The brain is the CEO of the body, the chief organ, the director. It initiates and sends the signals that allow us to accomplish tasks. Making and drinking that cup of espresso. Reaching out to reassure a loved one through a gentle touch. The brain also governs organ function. It monitors and creates neurotransmitters and hormones, complex and dynamic interactions in the body we still know very little about.

Besides sending signals for movement, action, reaction and creating homeostasis within your body, your brain receives and interprets information coming to you from the environment outside you, as well as the environment inside -- your body, mind and emotions. Are you hot/cold? Is it light/dark? Are you afraid or calm? Are you sleepy or rested? Happy or sad? Is it safe out there? What does it feel like in here?

We tend to think of the emotions as originating in the brain, in our minds. Buddhists and many psychologists believe that emotions are caused by our thoughts. Become aware of the faulty thought, identify it as such, and the painful emotion will change, switch or even disappear. Becoming aware of the emotion may mean learning to feel where the tension of that emotion is felt in your body. At this level of tension or bodily discomfort, it's not hard (or is it) to convince many people that we store mental and emotional tension or sadness or depression in our bodies. That the signal of pain or stiffness or tiredness may not be solely physical in origin. That our fatigue, sleeplessness, stiffness and pain may because of a combination of physical, mental and emotional triggers.

Indeed, Yoga, meditation, tai chi and other approaches offer us a method to become aware of our bodies, minds and emotions. Besides awareness, these practices may also offer us a way to work with our minds and emotions in a calm, sane way. Through the combination of mental and physical practices, they offer us a way to counter the deleterious effects of stress and pain stored in the body. On a simple, concrete level, the physical practices of Yoga, tai chi, chi gong get the blood flowing. They enhance breathing (which alters blood flow). They can help us to decrease pain, increase balance and provide an overall sense of well-being.

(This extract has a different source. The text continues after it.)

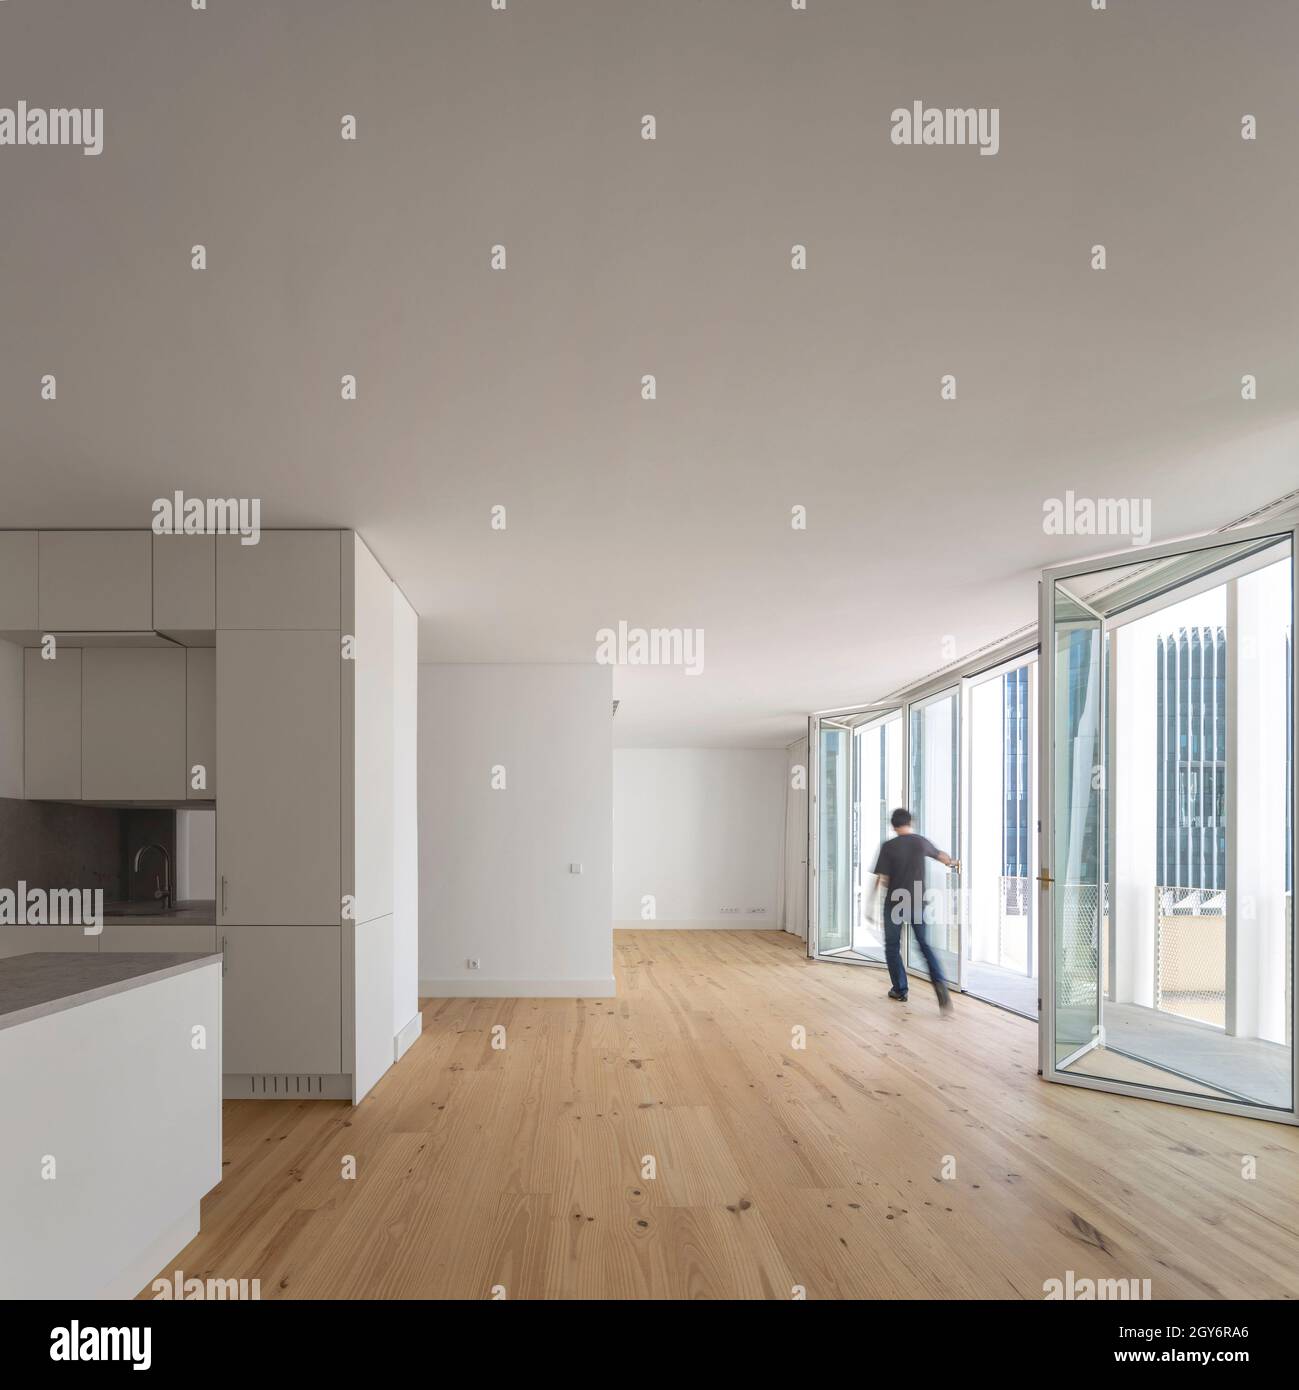 Küche und unmöbliertes Zimmer mit Konzerttüren. Ribeira 11, Lissabon, Portugal. Architekt: Ricardo Carvalho Arquitectos & Associados, 2019. Stockfoto

At the same time, in Western scientific medicine, emotional imbalances or disorders particularly depression and anxiety, are thought to be because of biochemical imbalances, imbalances in the neurotransmitters serotonin, dopamine, etc. and are then treated with pharmacology in an attempt to restore balance to the body's (and the mind's) chemistry.

The good news is that a bevy of studies suggest that the cheapest, easiest and perhaps the most effective way to alter mood, perception or even cognitive function is to get moving. Open the newspaper, go online, and you will find continuously new studies that document the positive effects of exercise on depression and anxiety. Cognition too. Get the blood flowing and you just might feel better (maybe because of an alteration in biochemical processes).

What kinds of exercise can accomplish this? Does it have to be running or yoga or meditation? Stepping not too far out on a limb, I would say that any form of exercise will accomplish this, from yoga, to playing basketball, weight lifting, biking, running, elliptical training, walking, swimming, tennis, tai chi, any form of dance -- you name it.

Get moving and you will feel better, look better and improve your health and longevity. It's a win-win proposition.